The effect of the present invention is clearly recognized.

On the other hand, even when the samples having the chemical composition range of the present invention were used, the O ₂ partial pressure in the heat treatment atmosphere gas exceeded the range of the present invention, Comparative Examples 1 and 2, and the N ₂ gas concentration was In Comparative Example 3 which exceeds the range of the present invention, the effect of improving the oxidation resistance by the heat treatment is hardly seen. Further, in Comparative Example 4 in which the heat treatment atmosphere satisfies the range of the present invention but the heat treatment temperature is low, and Comparative Example 5 in which the heat treatment retention time is short, a sufficient protective film is not formed by the heat treatment and the oxidation resistance is Not improved. Further, in Comparative Example 6 in which the sample material 9 whose Al content in the alloy is less than the specified range of the present invention is heat-treated, the oxidation rapidly progresses even when the heat treatment of the present invention is applied and high-temperature oxidation resistance is required. It turns out that it is not suitable for.

(Example 2) Next, a foil strip manufactured by an actual stainless steel manufacturing process was subjected to a manufacturing experiment by the heat treatment of the present invention using a bright annealing line. Table 3 shows the chemical composition of the foil strip used in the experiment, and Table 4 shows the heat treatment conditions and the evaluation results of oxidation resistance. It is apparent that the heat treatment of the present invention is applied to the factory production line to significantly improve the oxidation resistance as compared with the raw material having the same composition as rolled.

[0019]

[Table 1]

[0020]

[Table 2]

[0021]

[Table 3]

[0022]

[Table 4]

[0023]

F produced by the production method of the present invention
The e-Cr-Al alloy foil is capable of stably imparting remarkably excellent oxidation resistance characteristics (oxidation resistance improvement ratio of 2 or more) even with the same composition as compared with the foil manufactured by the conventional manufacturing method. Became.
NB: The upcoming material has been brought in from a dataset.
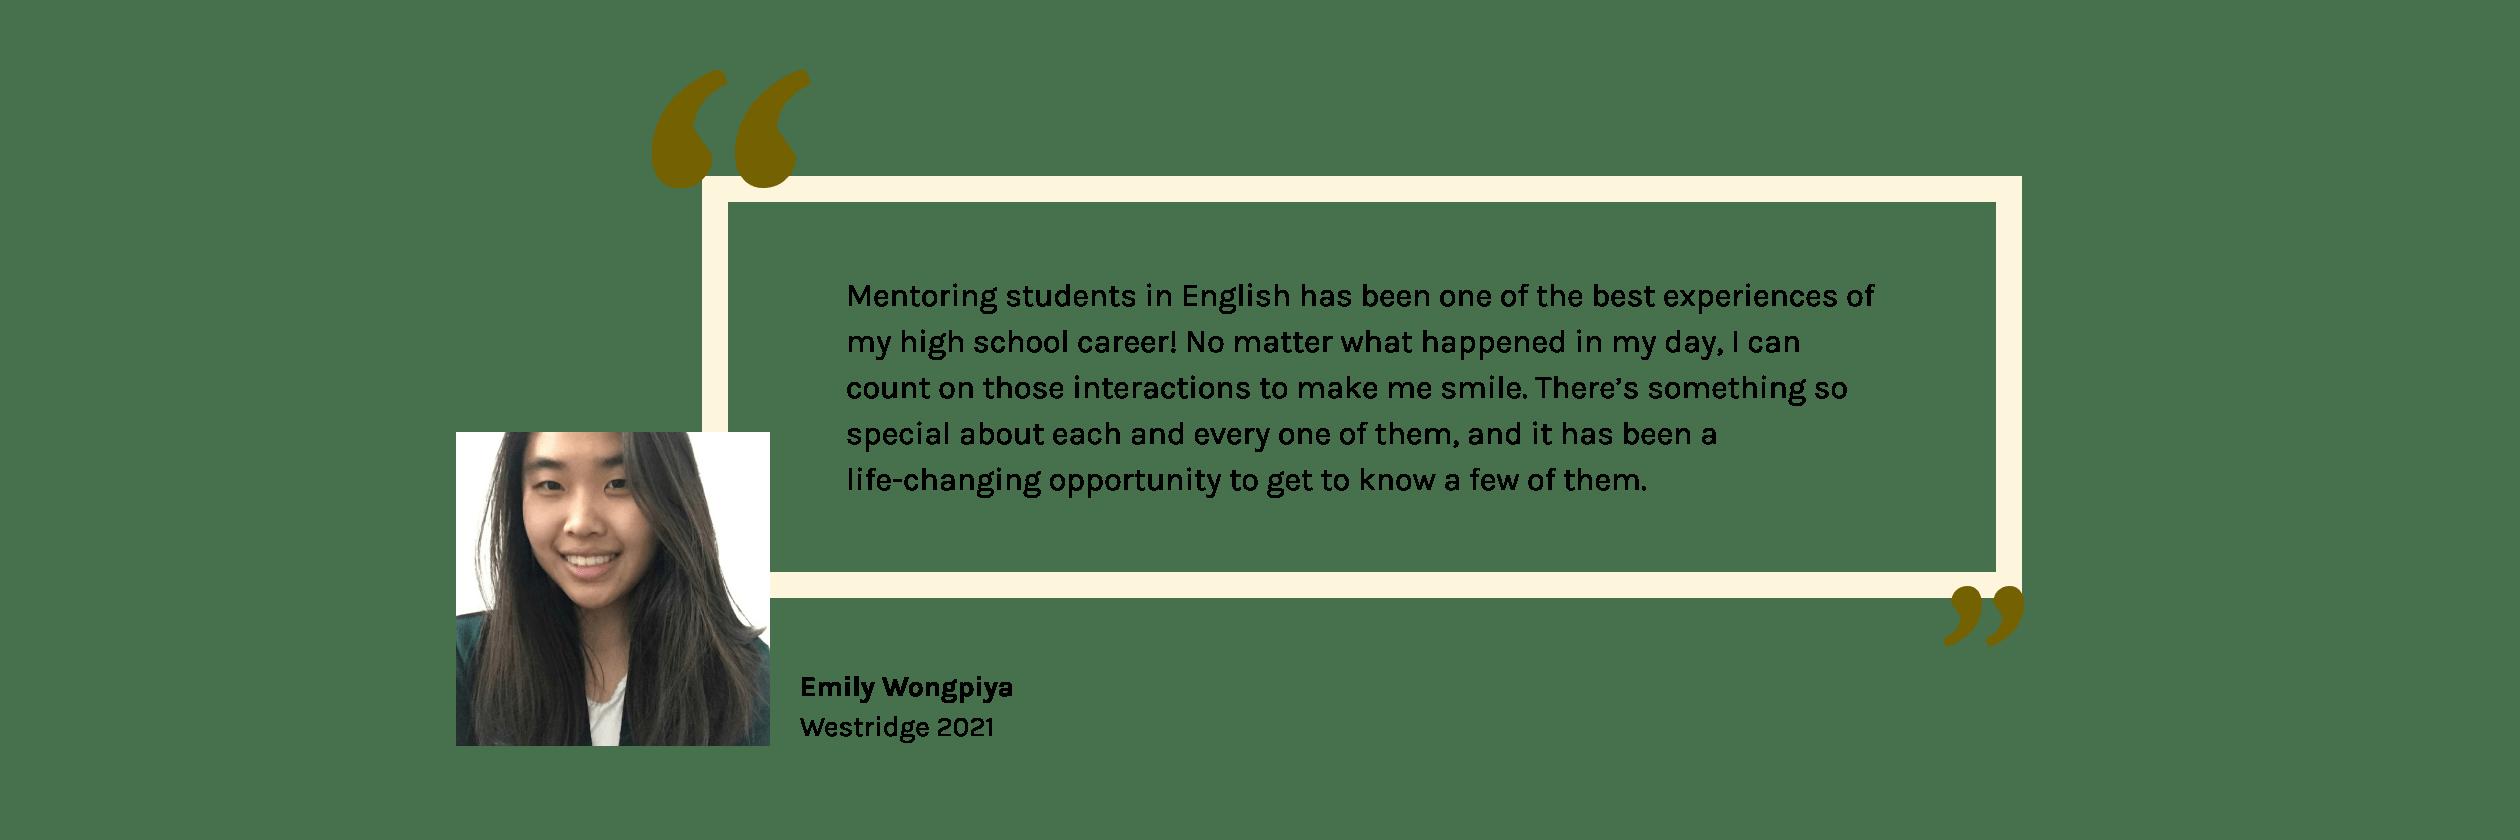 mentor-testi-desktop-09

As a result, when it is used as a metal carrier for exhaust gas such as automobiles and motorcycles that require oxidation resistance at high temperatures, it has a longer life and can be used at high temperatures, and thus has a great role for environmental protection.
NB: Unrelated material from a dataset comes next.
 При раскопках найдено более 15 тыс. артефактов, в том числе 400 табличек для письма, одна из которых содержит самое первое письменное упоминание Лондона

[Brief description of drawings]

FIG. 1 is a diagram showing a comparison of the oxidation resistance of materials having the same composition with and without the heat treatment of the present invention.

Claims (2)

[Claims] 1. A steel composition, by weight%, Cr: 5-30%, A
l: 2 to 8%, one or more rare earth elements (REM): in order to produce a Fe-Cr-Al alloy foil containing 0.01 to 0.3% in total, rolled into a foil having a thickness of 0.2 mm or less Then, in an atmosphere of non-oxidizing gas in which the O ₂ partial pressure in the gas is 1 × 10 ² Pa or less and the N ₂ concentration is 30% or less,
F excellent in oxidation resistance, characterized by performing a final heat treatment for 5 seconds or more in a temperature range of ℃ to 1100 ℃.
Method for manufacturing e-Cr-Al alloy foil. 2. The alloy foil further comprises Ti, Zr, Hf, Nb.
And at least one element selected from V is 0.00
The manufacturing method of the Fe-Cr-Al alloy foil excellent in oxidation resistance according to claim 1, which contains 5 to 0.3%.